H Company's Holo3 hits 78.85% on OSWorld, beats GPT-5.4 at one-tenth the cost. A Vision-Language Model family optimized for GUI agents with only 10B active parameters (122B total MoE). The 35B variant is Apache 2.0 on Hugging Face with free inference API. This is the kind of efficiency breakthrough that makes desktop agent deployment practical for teams without hyperscaler budgets.
Google ADK Go 1.0 ships with native OpenTelemetry and A2A protocol. The Go agent ecosystem just got its production-ready framework. YAML-based agent configuration, retry-and-reflect self-correction, human-in-the-loop flows. A2A protocol works seamlessly across Go, Java, and Python agents. If you're building agents in Go, this is your starting point.
Amazon OpenSearch adds Investigation Agent with plan-execute-reflect and persistent memory. Three agentic capabilities at no additional cost: an Investigation Agent that generates ranked hypotheses from logs, an Agentic Chat for natural language PPL queries, and Agentic Memory that persists context across sessions. Targeting observability teams trying to reduce MTTR.
138 practitioner talks analyzed to map real agent adoption patterns. Researchers studied actual industry presentations to catalog which frameworks, interaction patterns, and technologies practitioners choose versus what papers recommend. The gap between academic agent research and production deployments is significant. This is ground-truth data on how people actually build agent systems.
Research
Anthropic finds 171 emotion vectors inside Claude that causally steer behavior. Mechanistic interpretability research identified 171 emotion-like activation patterns in Claude Sonnet 4.5, organized by valence and arousal axes mirroring human emotional structure. Steering "blissful" raised activity desirability by 212 Elo points. Steering "hostile" lowered it by 303. Whether these are "real emotions" or useful internal representations is debated. That they causally steer behavior is not.
Latent Space Survey maps LLM representation taxonomy. 415 HuggingFace upvotes. A 36-author survey covering reasoning, planning, memory, embodiment, and collaboration capabilities from latent-space computation. Highest-engagement paper this week. If you're doing anything with model internals, this is your reference document.

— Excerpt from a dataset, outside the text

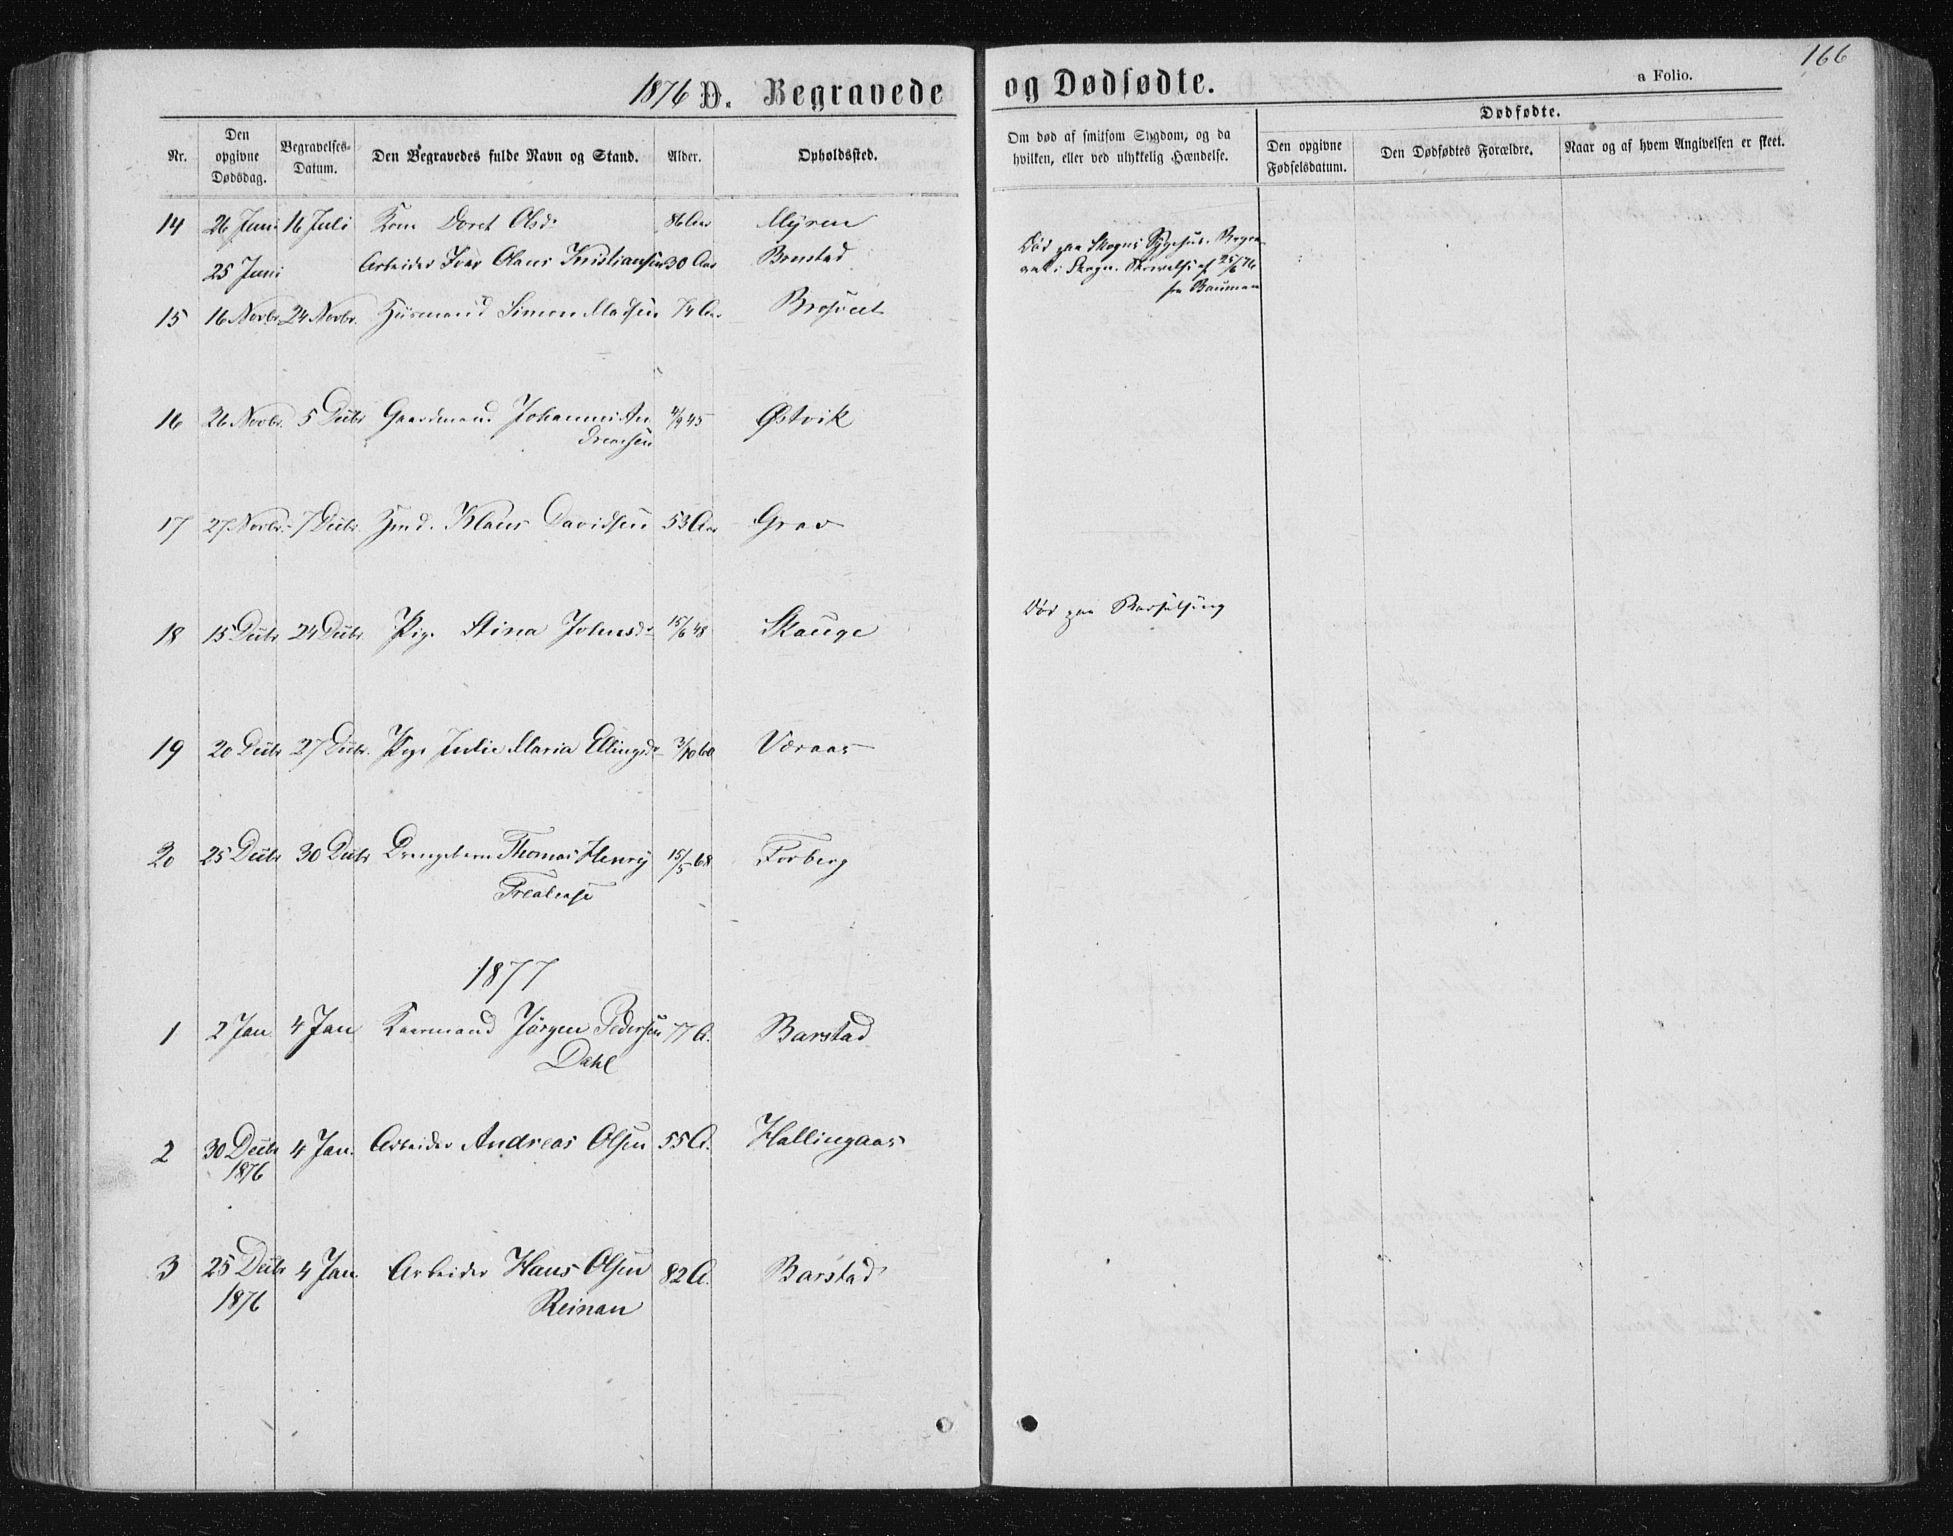 SAT, Ministerialprotokoller, klokkerbøker og fødselsregistre - Nord-Trøndelag, 722/L0219: Ministerialbok nr. 722A06, 1868-1880, s. 166

SKILL0 internalizes agent skills into model weights via RL, eliminates retrieval overhead. Instead of loading skill files at inference, the model learns the skill during training and executes it natively. For anyone running agent skill ecosystems (I'm watching you, Superpowers), this could shift the architecture from retrieval-augmented skills to parameter-encoded capabilities.

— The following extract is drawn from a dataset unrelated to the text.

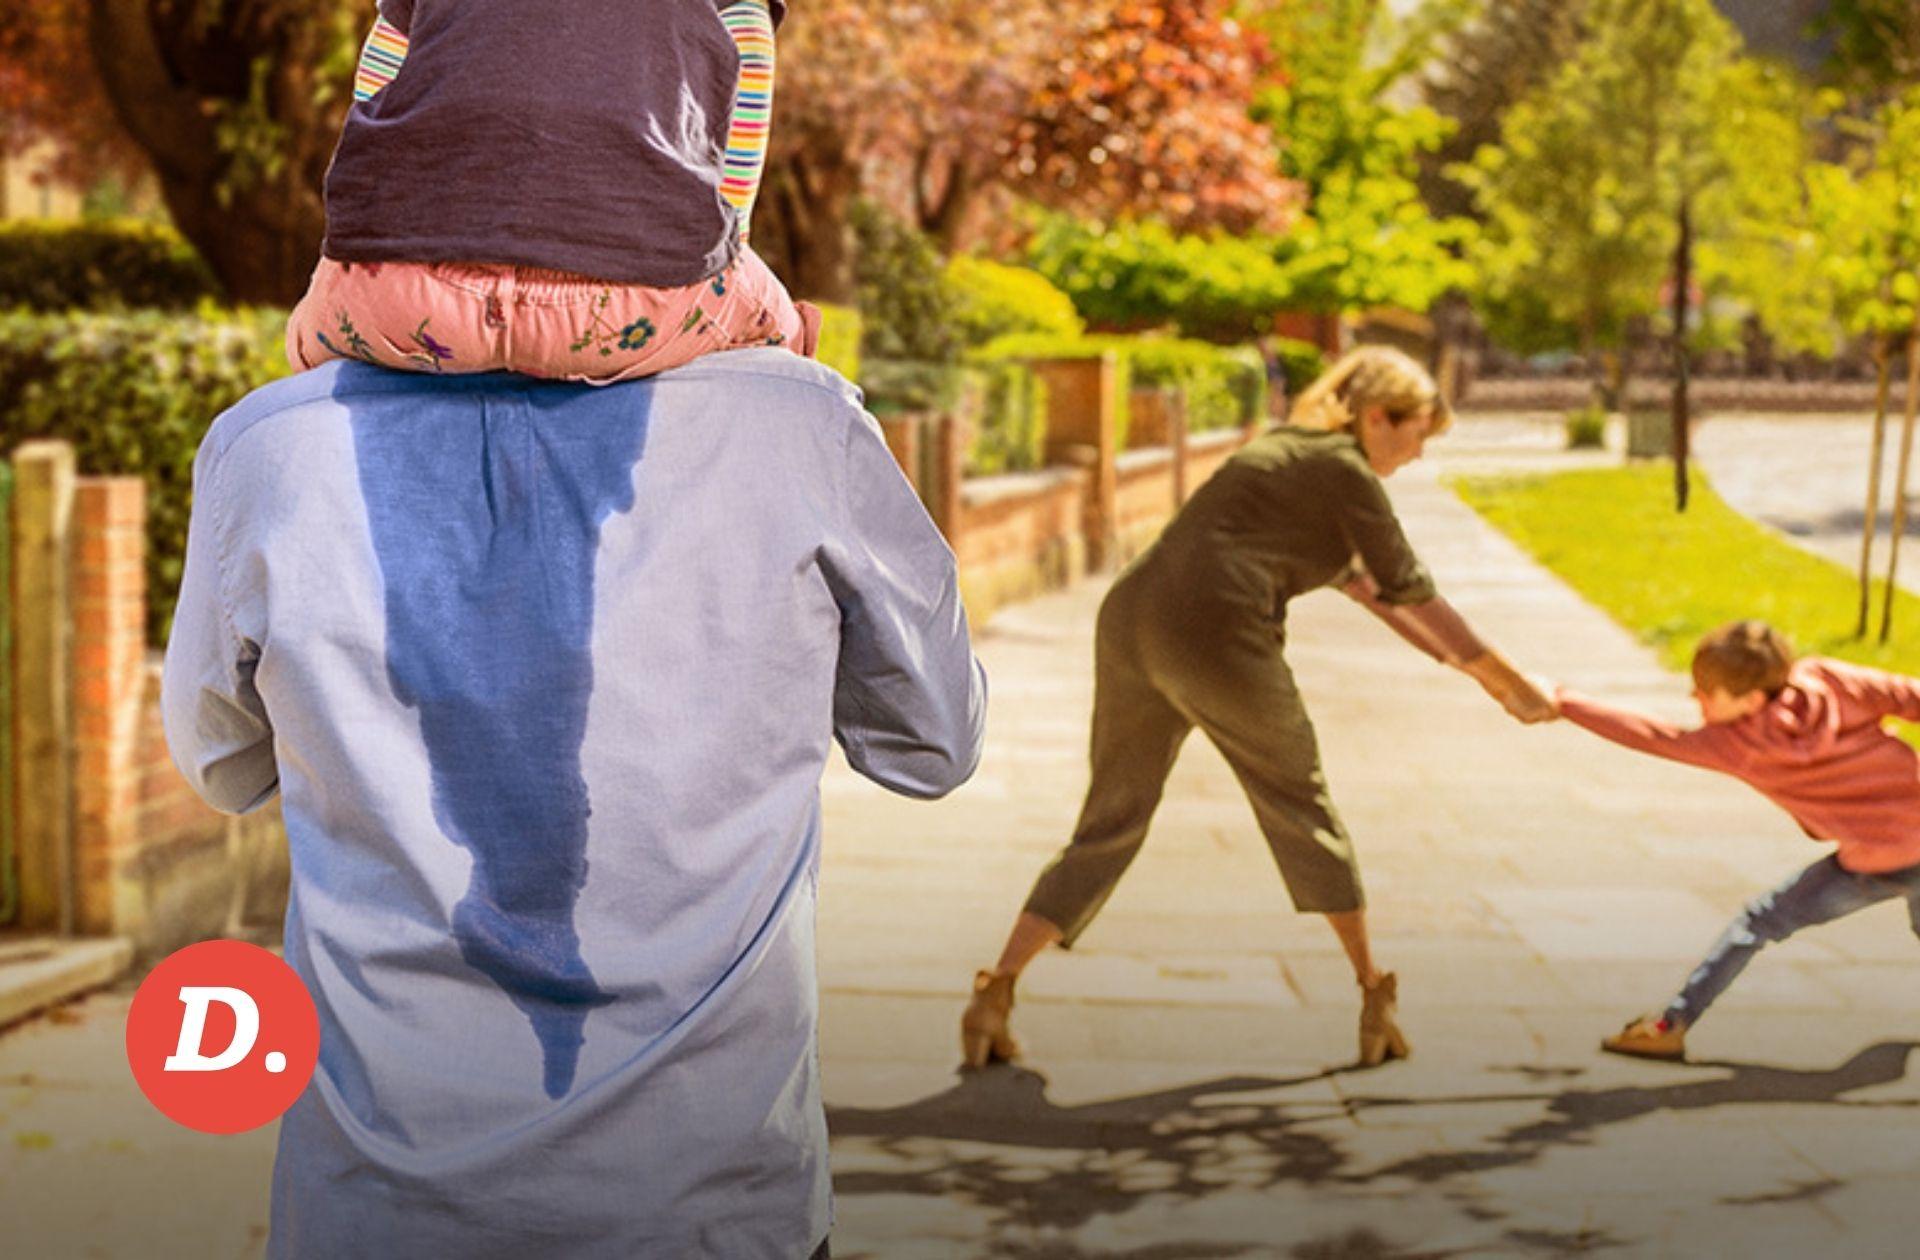 Les fails de la parentalité : vous n'êtes pas seule (et sûrement pas la pire)

Batched Contextual Reinforcement cuts reasoning token overhead without quality loss. A single-stage training paradigm that reduces chain-of-thought token consumption without explicit length penalties or multi-stage curricula. Directly addresses why reasoning models are expensive to deploy at scale.
Netflix open-sources VOID: causal video object deletion with VLM reasoning. VOID uses VLMs for causal reasoning combined with video diffusion for physically plausible object removal, including downstream interaction effects. Remove a ball mid-collision and it generates the counterfactual outcome. Open model and demo on GitHub.

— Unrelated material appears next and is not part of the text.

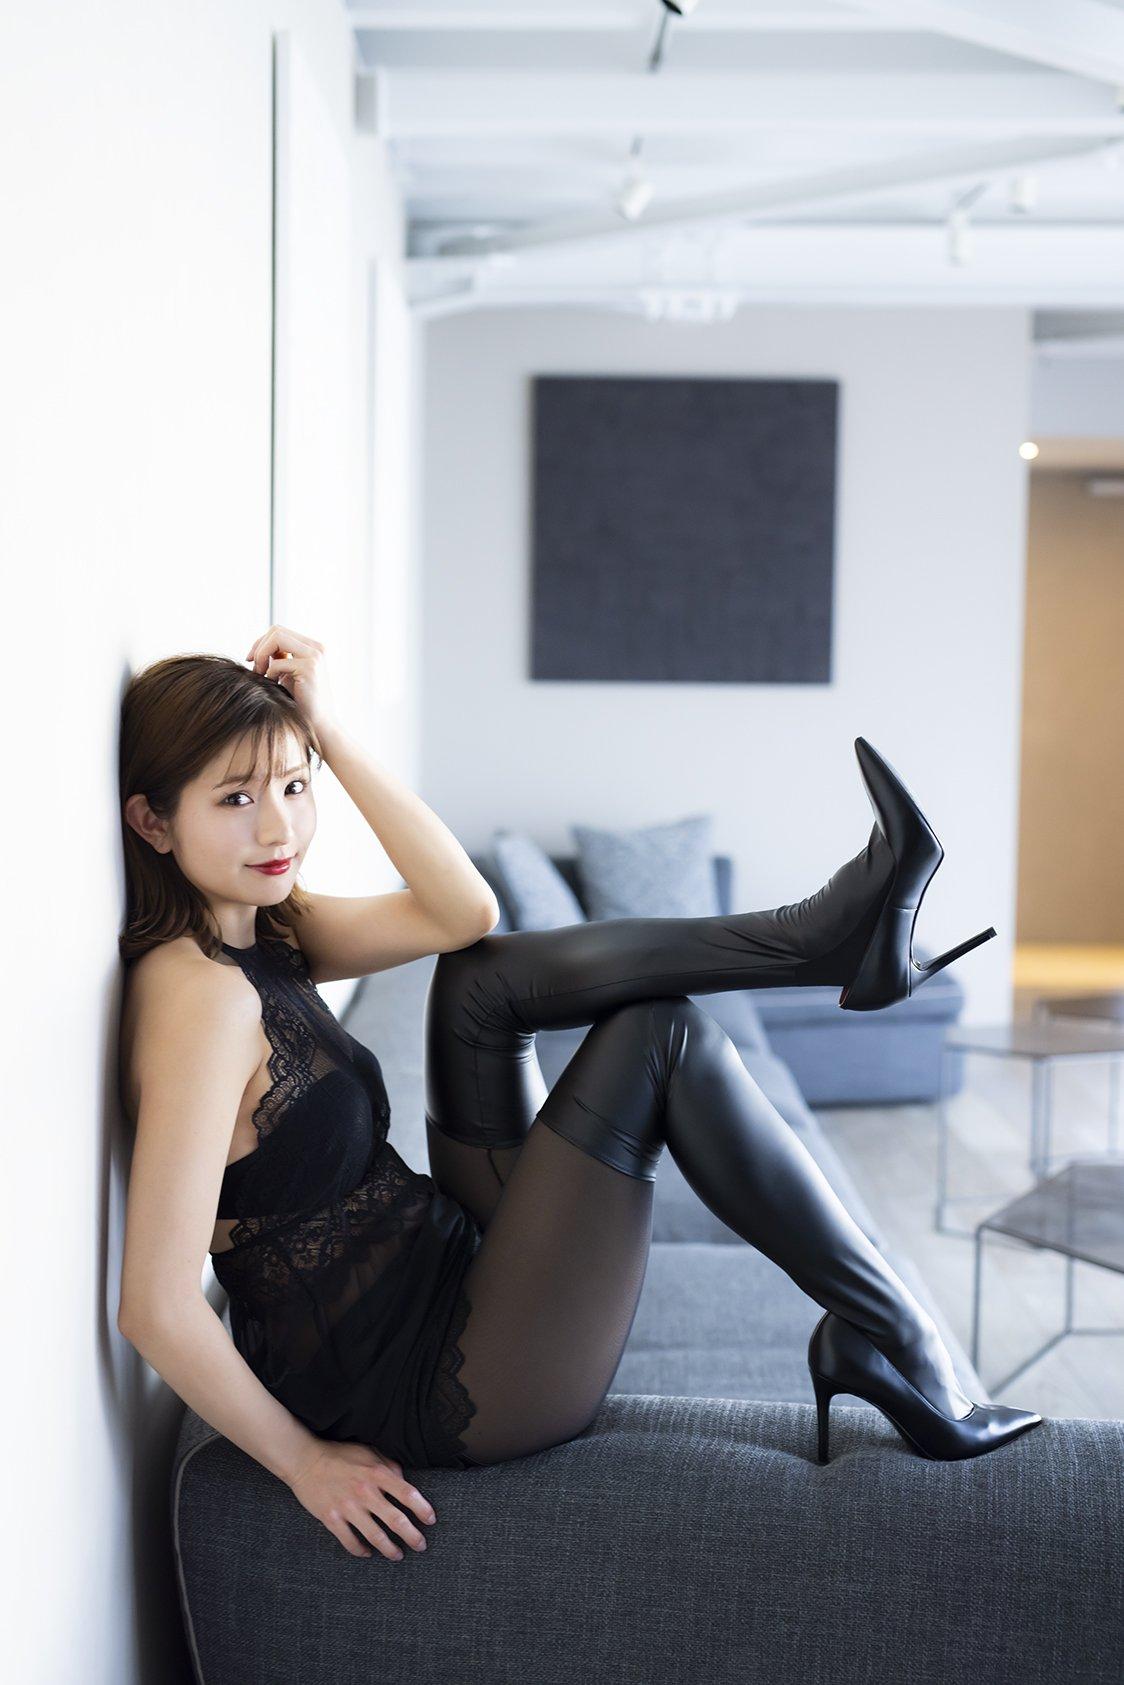 元NMB48谷川愛梨が人生初の下着姿に挑戦した1st写真集を発売!【画像10枚】の画像003

Infrastructure & Architecture
Google launches Flex and Priority inference tiers for Gemini API. Flex tier offers 50% cost savings ($0.125/M input on Flash-Lite) for latency-tolerant workloads with 1-15 minute response targets. Priority tier offers guaranteed lowest latency at 75-100% premium. Same endpoints, different SLAs. Google's answer to Anthropic's batch API and OpenAI's async endpoints. If you're running batch processing, this is free money.
AMD Lemonade ships as open-source local AI server. 521 HN points. Apache 2.0, OpenAI-compatible APIs for text, image, vision, and speech across NVIDIA GPUs, AMD Ryzen AI NPUs, and CPU backends. HN users report 35-60 tok/s on Strix Halo, beating Ollama by ~30 seconds on identical tasks. 2MB C++ backend. NPU underperformance and ROCm stability are real limitations, but the direction is clear.
Pydantic ships Monty: Rust-based Python interpreter for LLM code execution. Microsecond startup vs ~200ms for Docker. Filesystem/network/env blocked by default. Execution state snapshotting lets you serialize to bytes and resume later. 6.6K stars. Still experimental, but if you need to sandbox LLM-generated Python without container overhead, this is the cleanest option I've seen.
Tools & Developer Experience
RTK (Rust Token Killer) cuts Claude Code token consumption 60-90%. A Rust CLI proxy that sits between your coding agent and the shell, applying smart filtering, grouping, truncation, and deduplication before tokens hit the context window. Typical 30-minute session drops from ~150K to ~45K tokens. One user reported saving 10M tokens (89%). For Max plan users burning through 5-hour windows, this effectively extends sessions 3x. 17K stars. Sub-10ms overhead.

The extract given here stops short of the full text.